The company said: “The business environment in the fiscal year ended March 31, 2023 (FY23) was characterized by significant geopolitical and macroeconomic uncertainty. In the midst of that uncertainty, we acted decisively to strengthen our financial position and create shareholder value.”
It also mentioned that its e-commerce business maintained revenue momentum, expecting it to deliver significant earnings improvements in FY24 and beyond.
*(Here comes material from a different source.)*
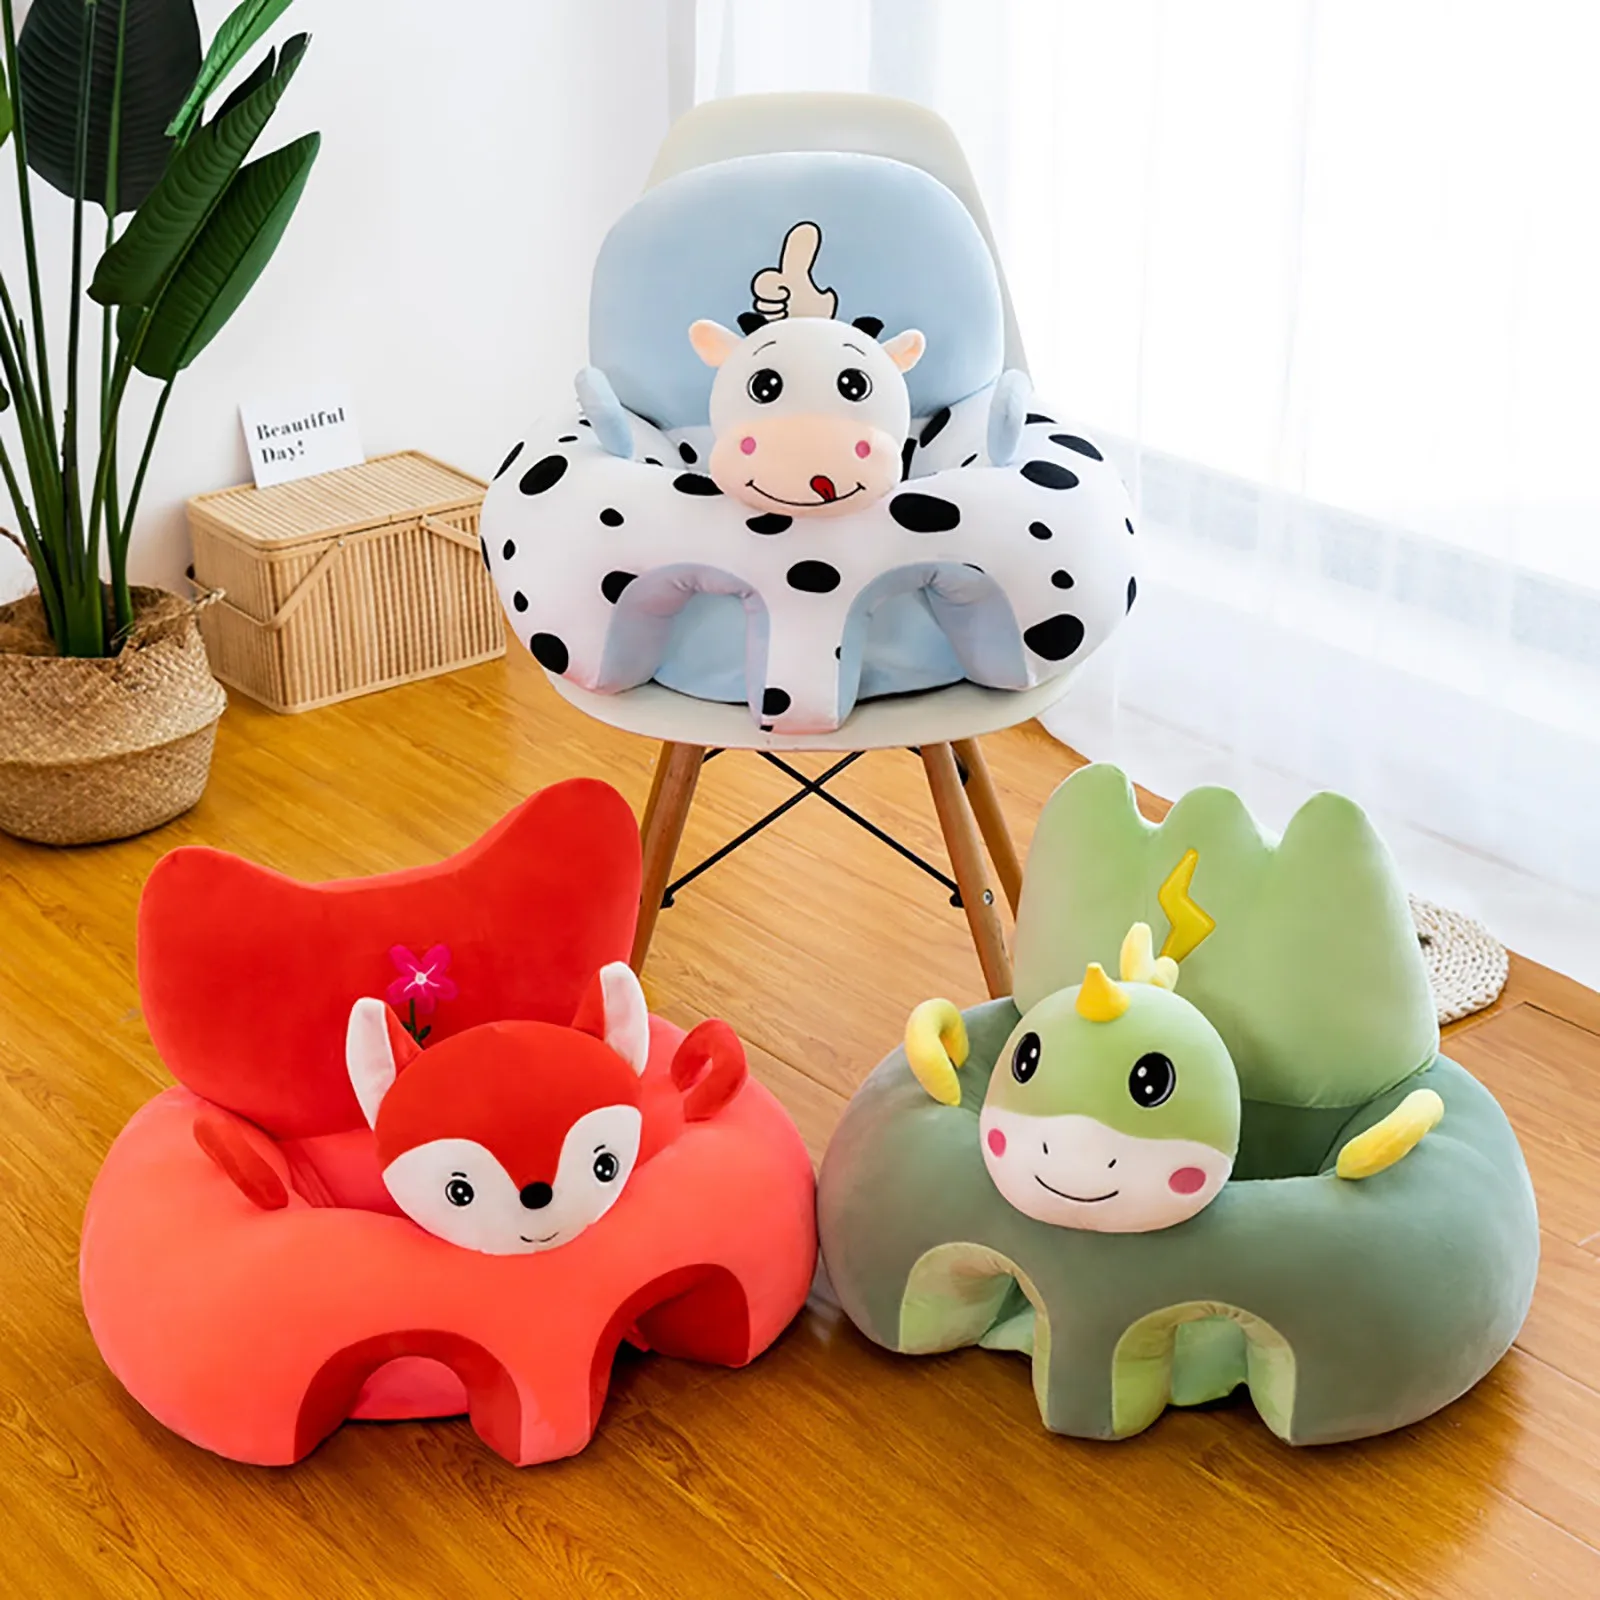 2022 New Style Children Chair Animal Shape Sofa Cartoon Plush Toy Learning Seat Learning Baby Portable Filled With Cotton new baby sofa infant seat soft cute learning sitting chairs learning sitting for soft chair cushion new design animal plush gift

The main contributors are food delivery and payments and fintech, with consolidated sales coming from continuing operations which are up 8% to US$6.8 billion (R126 billion).
In addition, the company’s operating losses increased from US$985 million (R18.2 billion) in FY22 to US$1.38 billion (R25.6 billion) in FY23. Trade losses increased from US$684 million (R12.6 billion) to US$844 million (R15.6 billion) on an annual basis.
The group added that its trading losses fell 21% in the second half of the year compared to the first, in line with its commitment to make its e-commerce business profitable by FY25. Major revenues also fell 48% to US$1.1 billion (R19 billion), which the company said was mainly driven by lower contributions from its employees, mainly Tencent, which was hit hard by the Covid-19 lockdowns and new Chinese regulations. Revenues also declined from US$249 million (R4.6 billion) to US$1.3 billion (R24 billion), reflecting the group’s lower profitability at its associates and higher operating losses for its consolidated activities.
“This was partially offset by lower share-based compensation costs related to the revaluation of the group’s cash-settled plan and no grants to executive directors, as well as lower net finance costs due to higher interest income on cash balances.” – the company added.
Take a lot:
Takealot’s gross trade volume (GMV) skyrocketed 13%, while sales in local currency rose 12%, excluding M&A. While that was the case, the group suffered a loss of US$22 million (R400 million), representing a -3% trading margin.
Naspers noted that this reflects slowing consumer demand due to rising inflation and high interest rates and added by saying, “In addition, profitability was impacted by rising operating costs due to ongoing nationwide rolling blackouts, escalating fuel costs and the effect of global supply chain constraints.”
Takealot’s GMW was up 14% year-on-year, while Superbalist sales grew 11% in fringe terms, despite further competition and declining consumer demand.